The Black Stranger is available through Project Gutenberg here:
https://gutenberg.net.au/ebooks15/1501121h.html
I don’t love reading at length on a screen, but…
Quixotic Mainer says
Thanks! Can’t wait to start that one.
I’m not sure the pup will ever have pretensions to knowing no fear, as a perpetually nervous golden doodle. Despite that, she’s a fine woods mutt; hikes, runs, canoes, camps, will pounce at fish I let go, and has retrieved a few downed game birds. But best of all she’s very gracious and patient with small humans.
Keith West says
Thanks for the heads-up, Jim.
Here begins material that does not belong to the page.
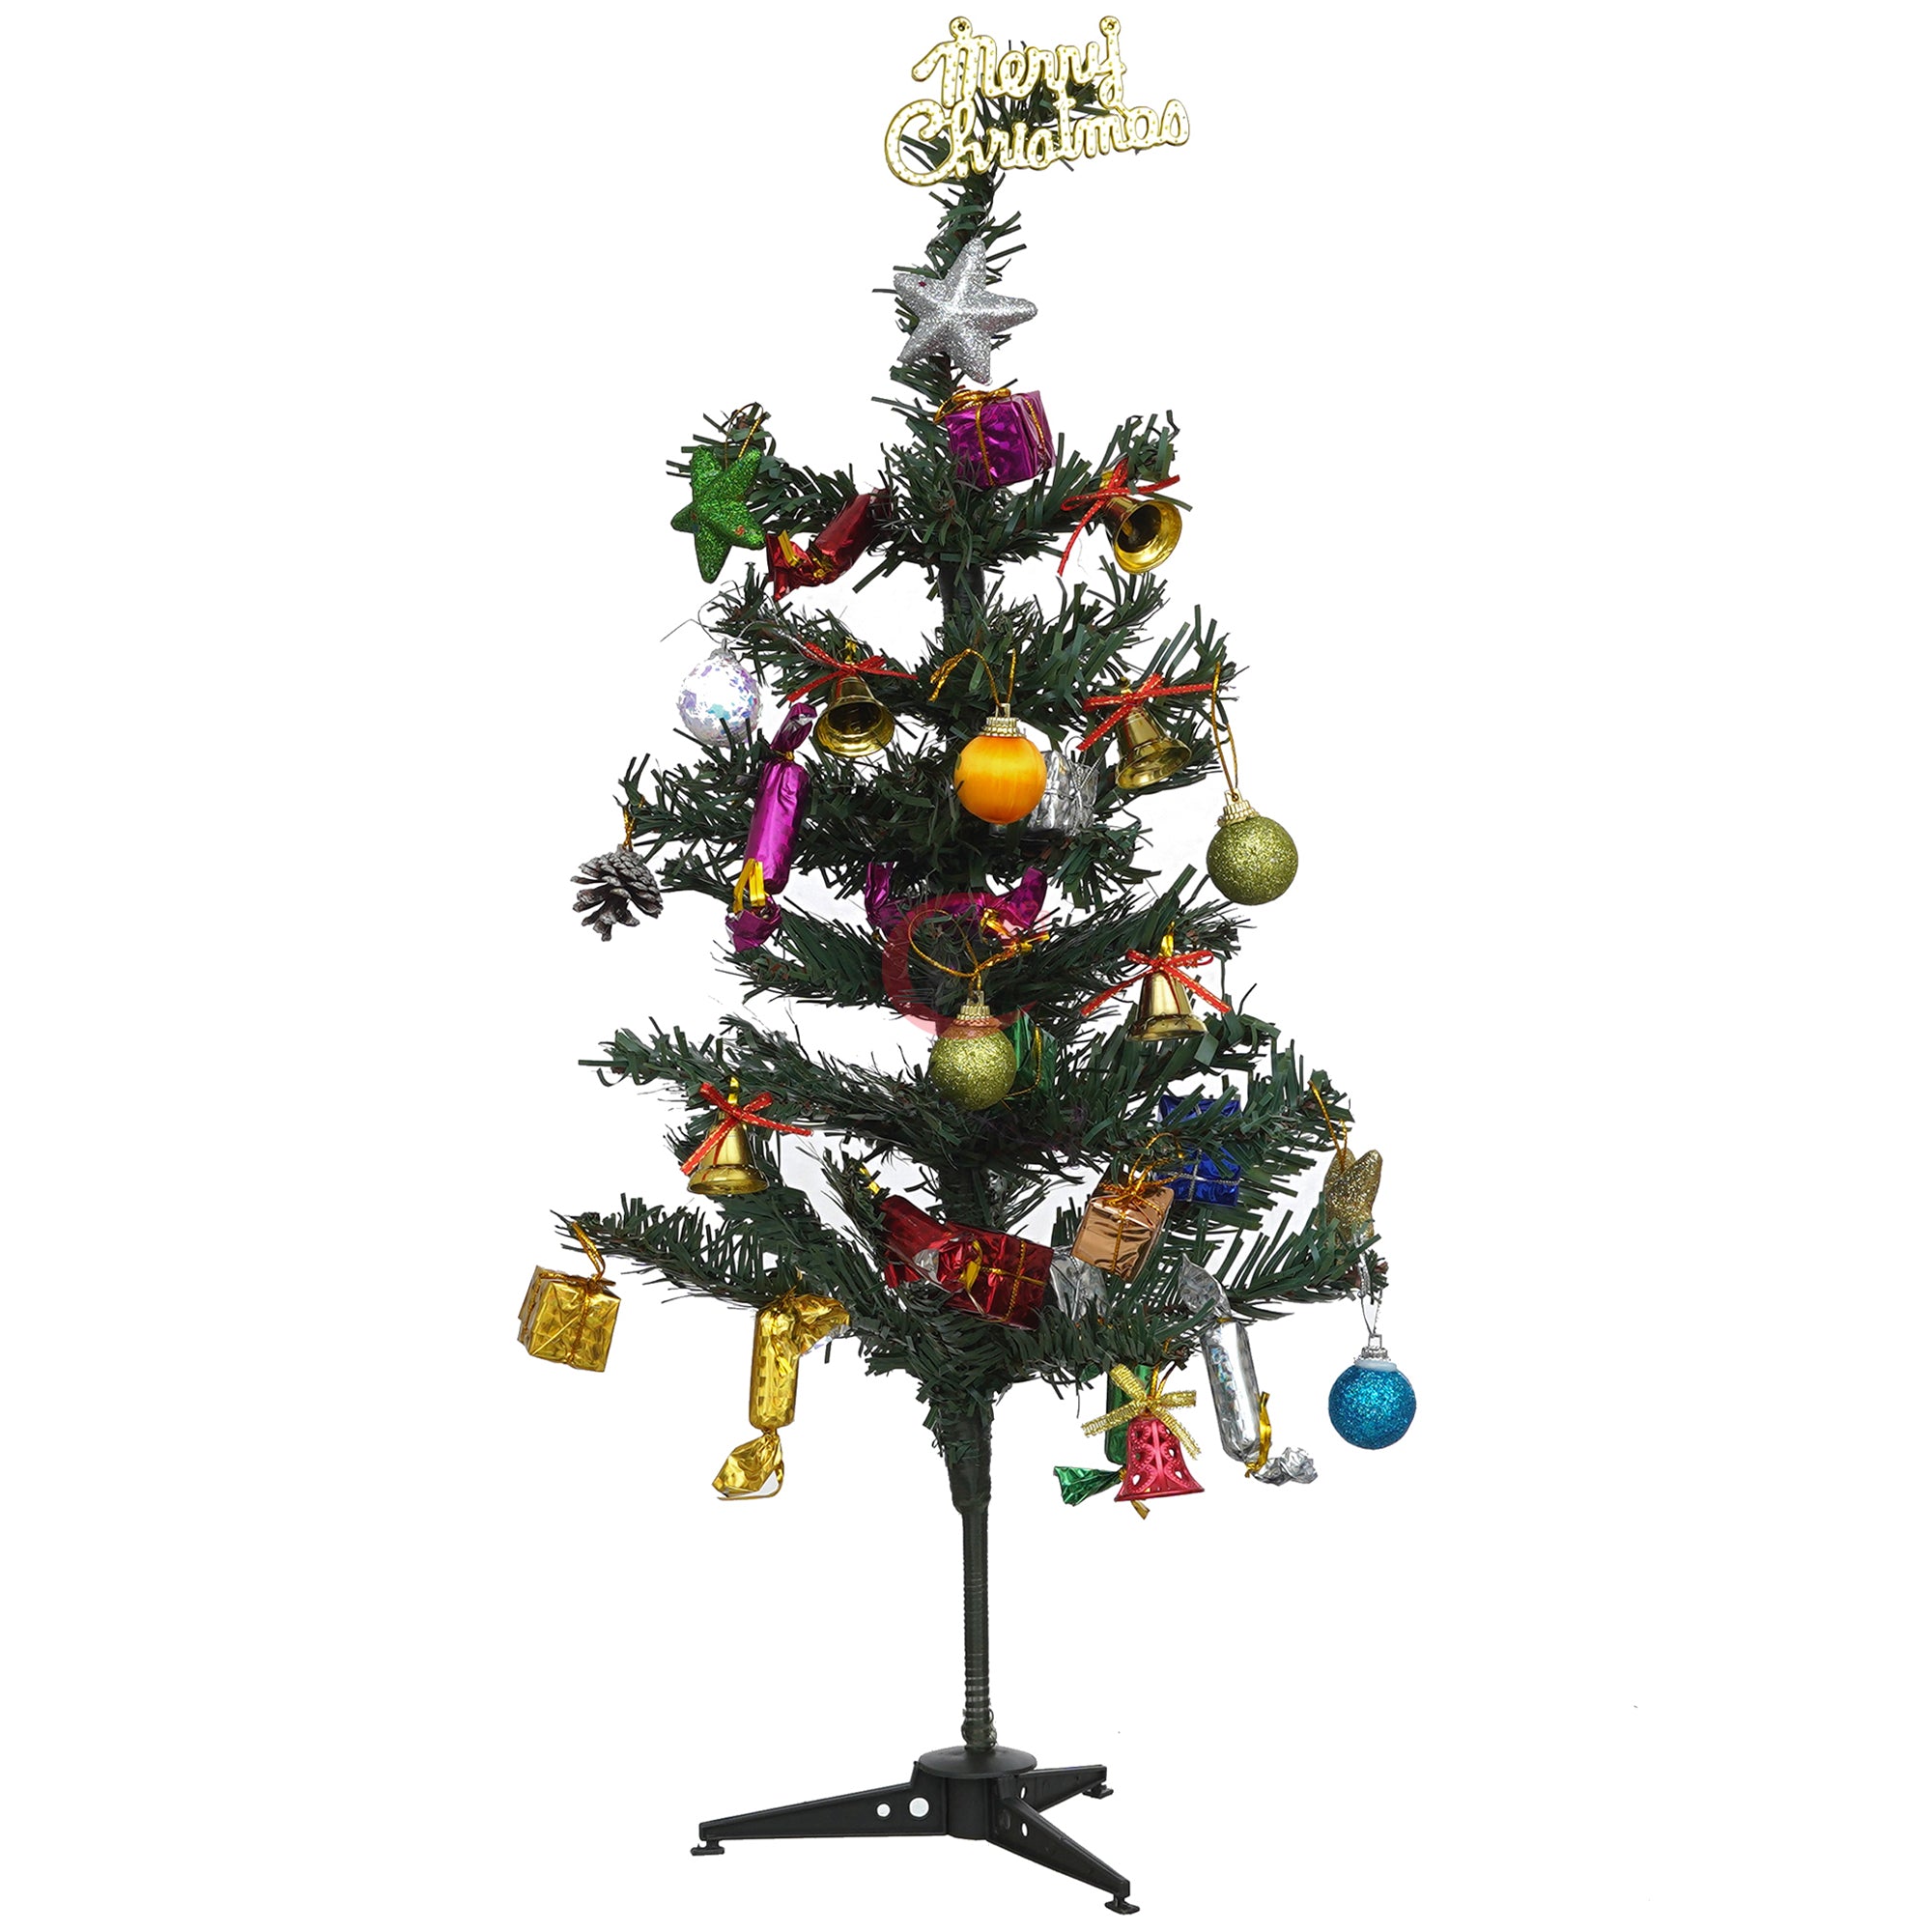 eCraftIndia 2 Feet Green Artificial Christmas Tree Xmas Pine Tree with Stand and 60 Christmas Decoration Ornaments Props - Merry Christmas Decoration Item for Home, Office, and Church 6

I’m going to have to listen to this one.
JimC says
I think you’ll be pleased.
John Maddox Roberts says
Bellamy bears a strong resemblance to the young Billy Zane.
JimC says
True.
Thomas A McIntyre says
There’s a good 1996 biopic, The Whole Wide World, about the too-brief life of Howard, starring the inimitable Vincent D’Onofrio–”Private Pyle.”
Trivia: Howard was the object of ridicule in his small Texas town for being a pulp writer. The irony is that at one point in the heart of the Great Depression, he was the only person in that town to earn enough to have to pay taxes.